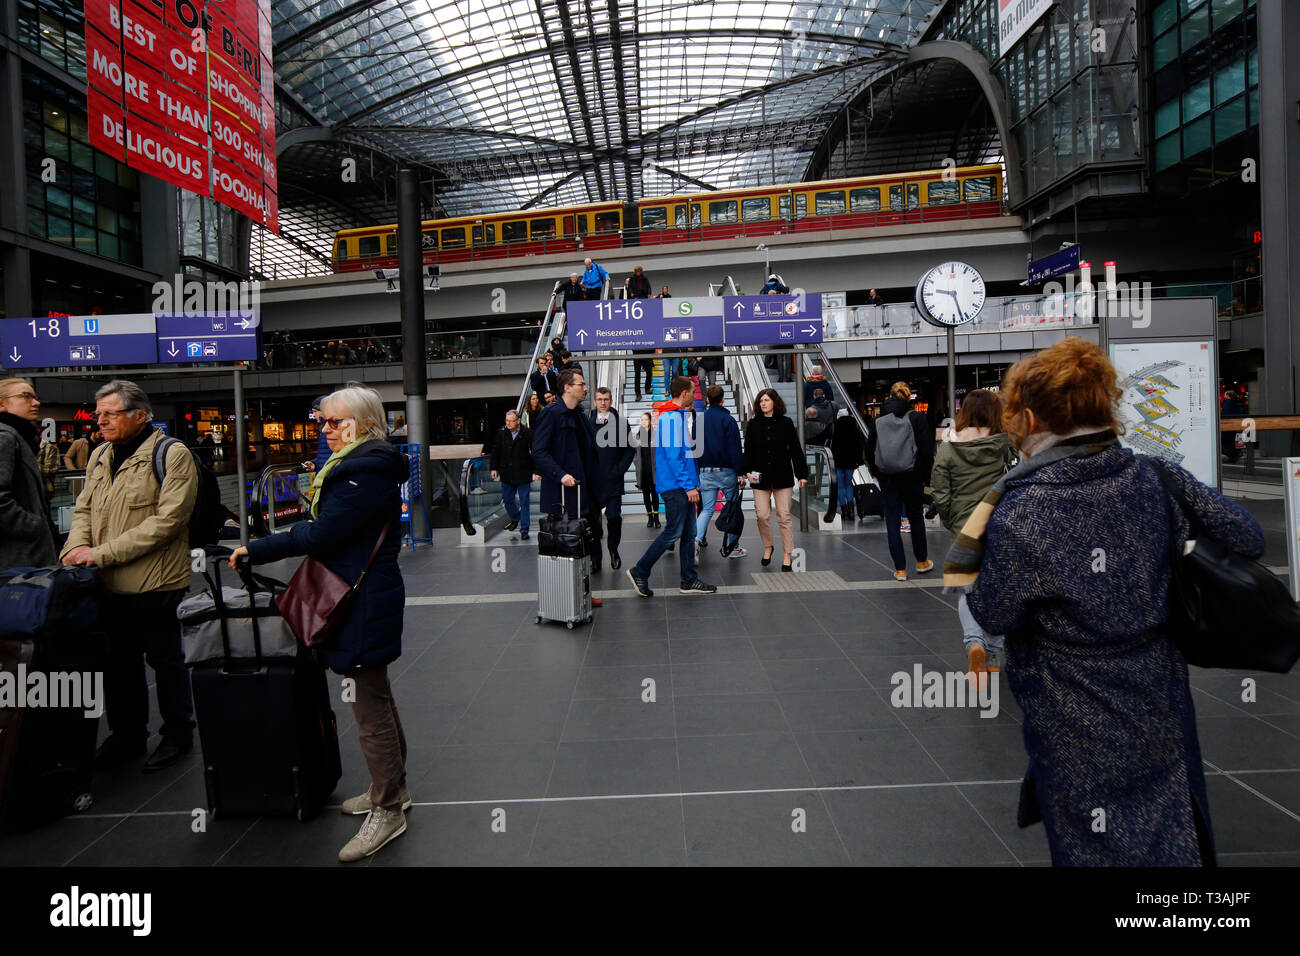 Pendler, Reisende, Touristen innerhalb des Einkaufszentrums Berlin Hauptbahnhof mit einer S-Bahn, die über den Kopf fährt, Berlin, Deutschland Stockfoto
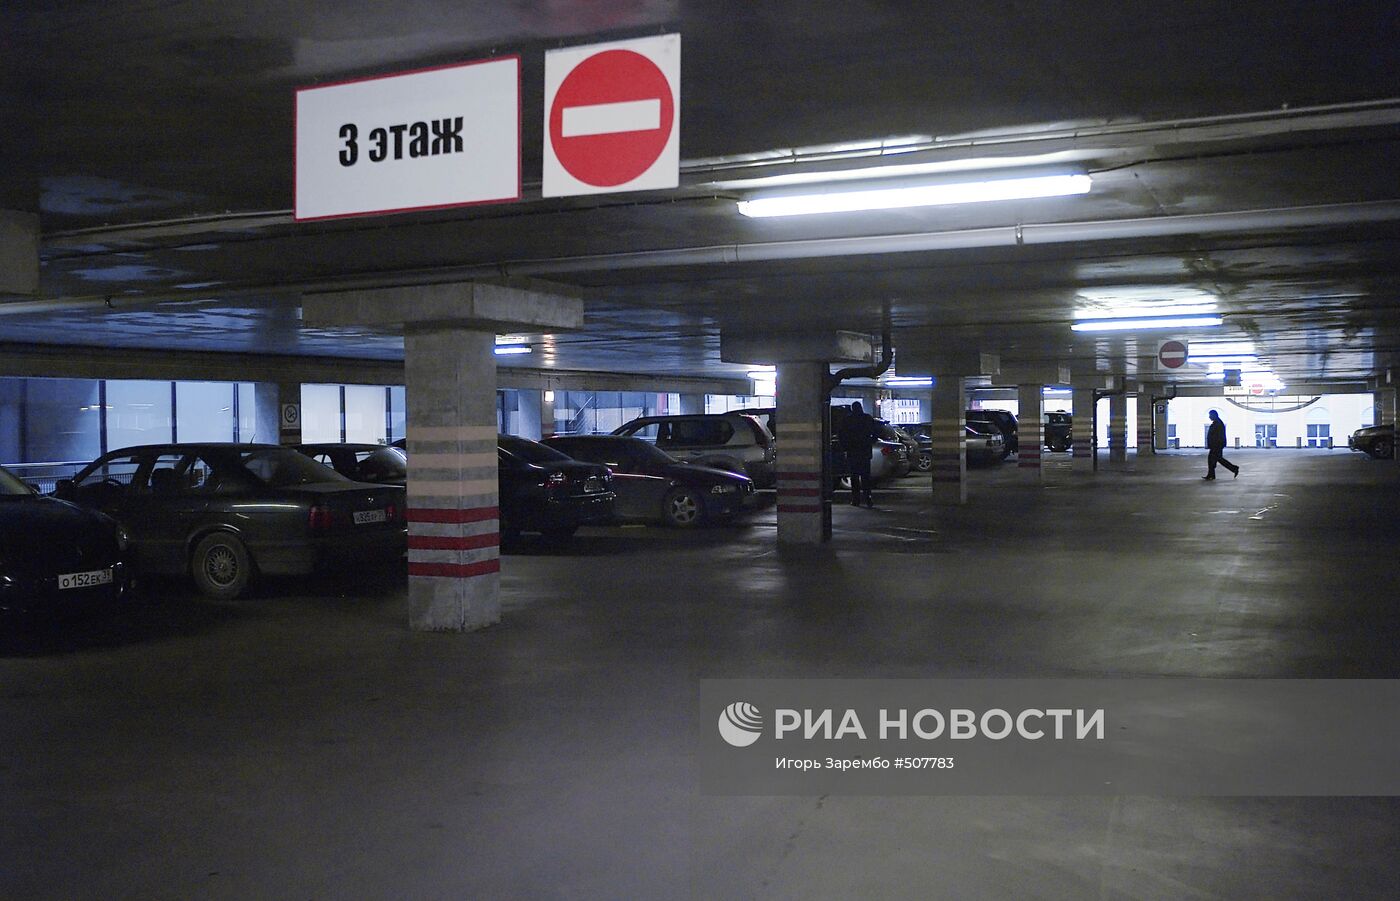 Многоярусная семиэтажная парковка в ТЦ "Акрополь" в Калининграде
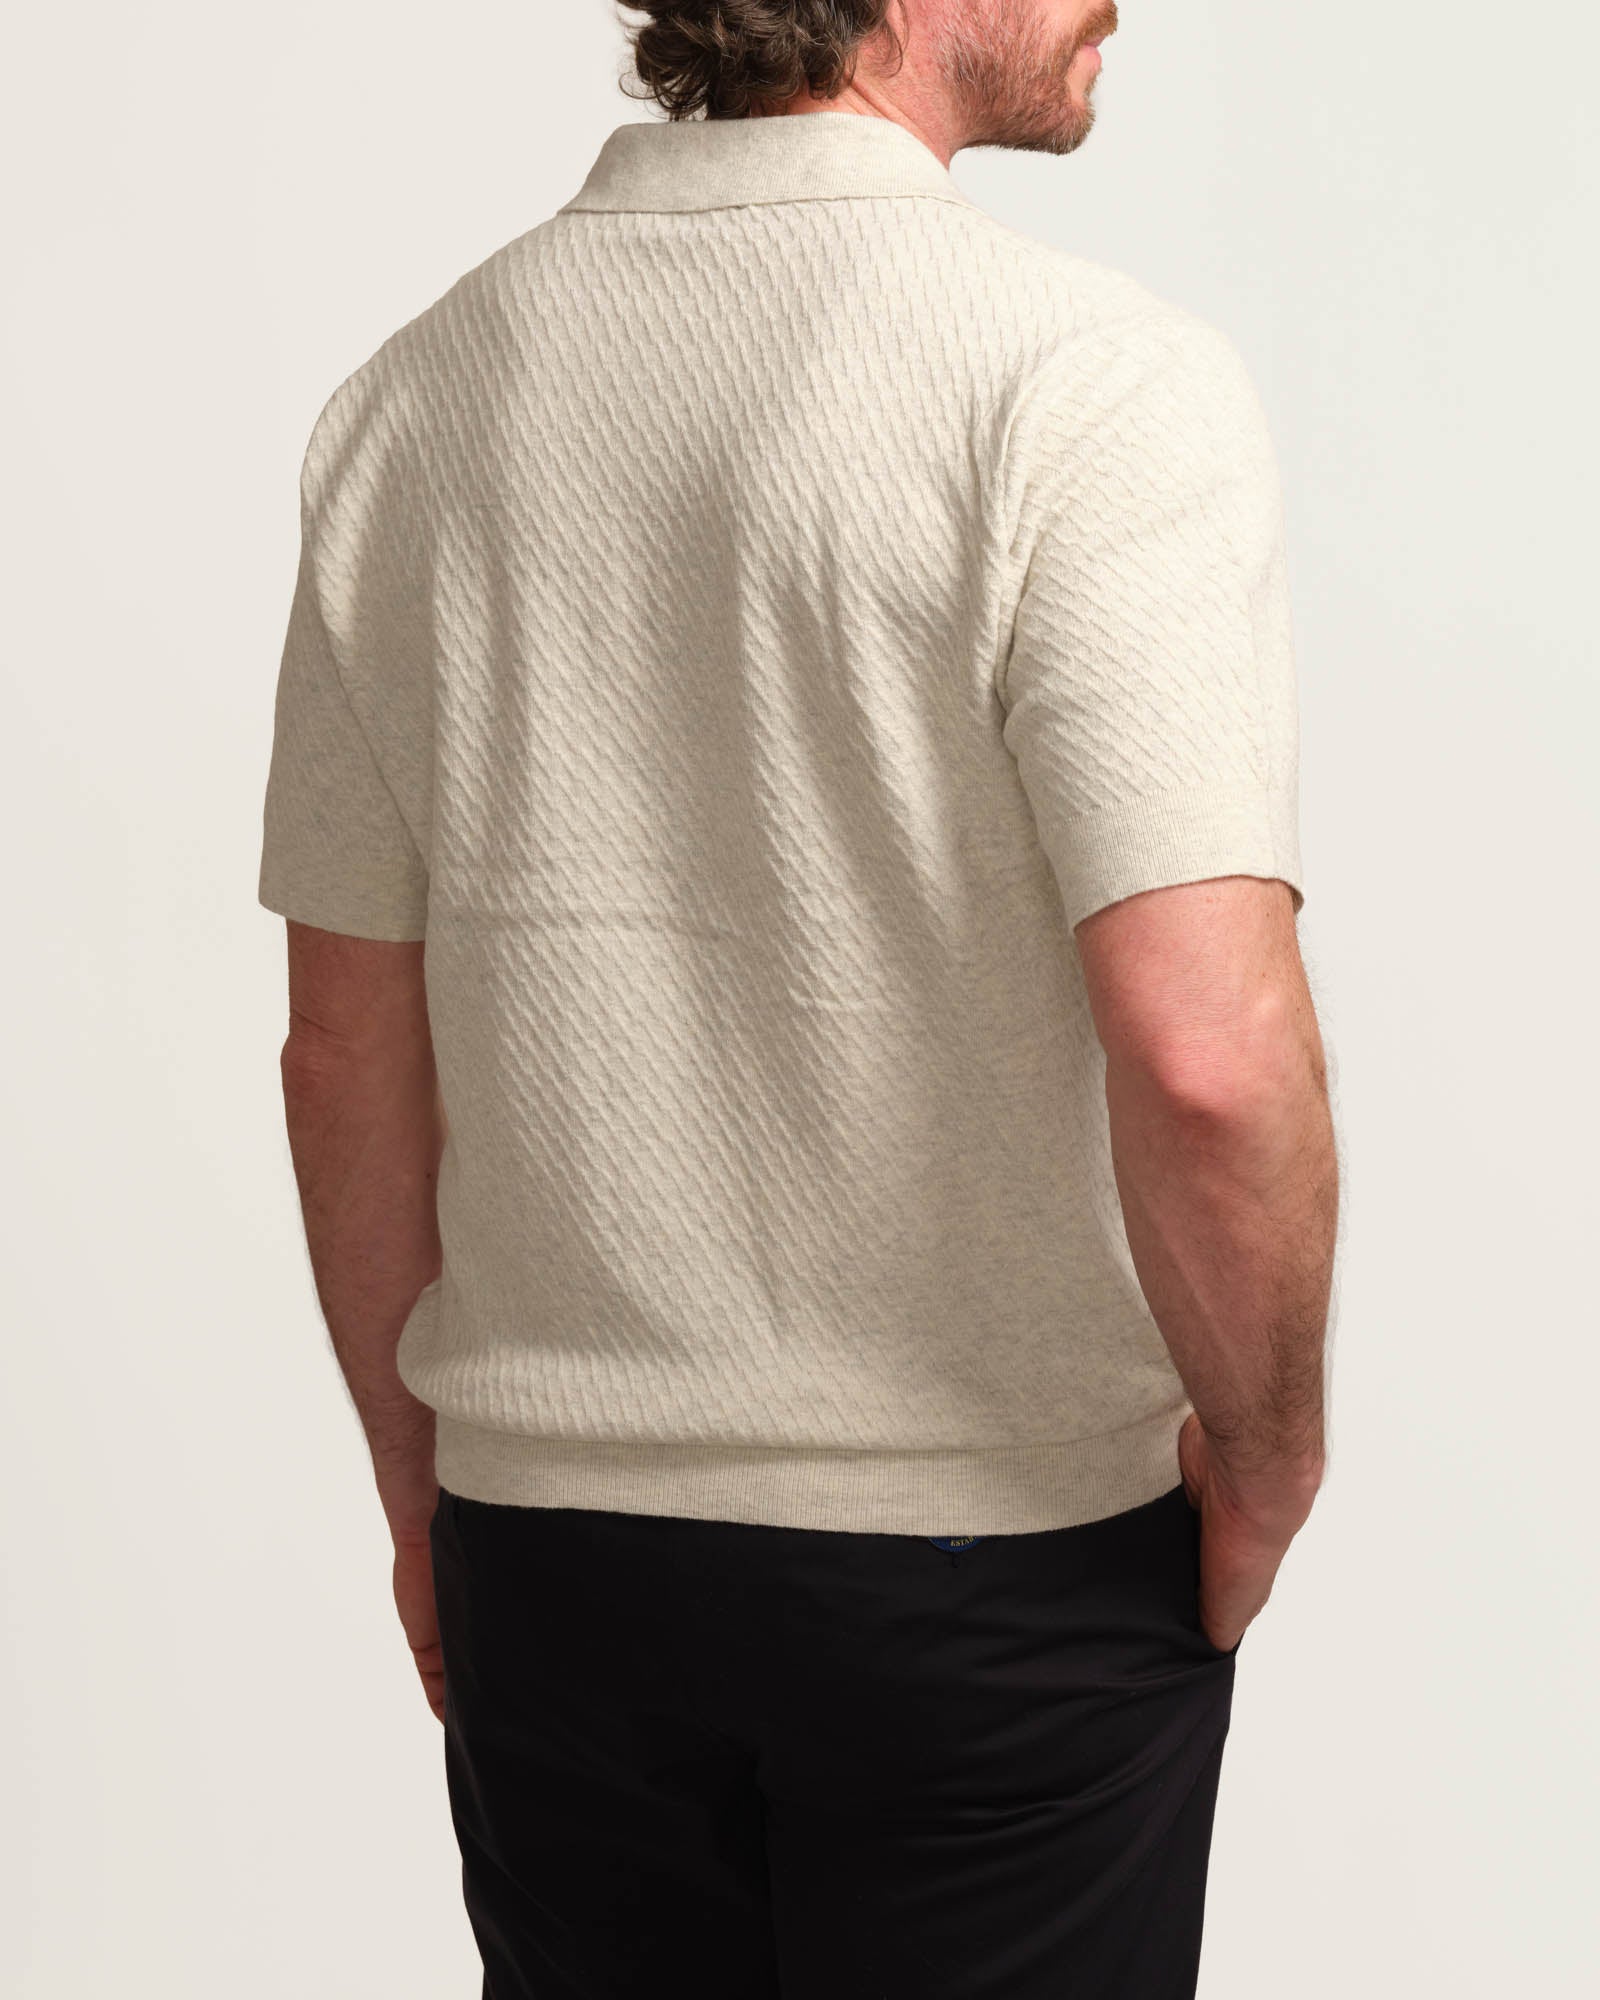 Elie Tahari Men's Novelty Textured Sweater Polo | JANE + MERCER

====

TASK GOAL - Print the full listing again exactly, and drop every image from it.

SOLUTION TO THE EXERCISE -
 Pendler, Reisende, Touristen innerhalb des Einkaufszentrums Berlin Hauptbahnhof mit einer S-Bahn, die über den Kopf fährt, Berlin, Deutschland Stockfoto
 Многоярусная семиэтажная парковка в ТЦ "Акрополь" в Калининграде
 Elie Tahari Men's Novelty Textured Sweater Polo | JANE + MERCER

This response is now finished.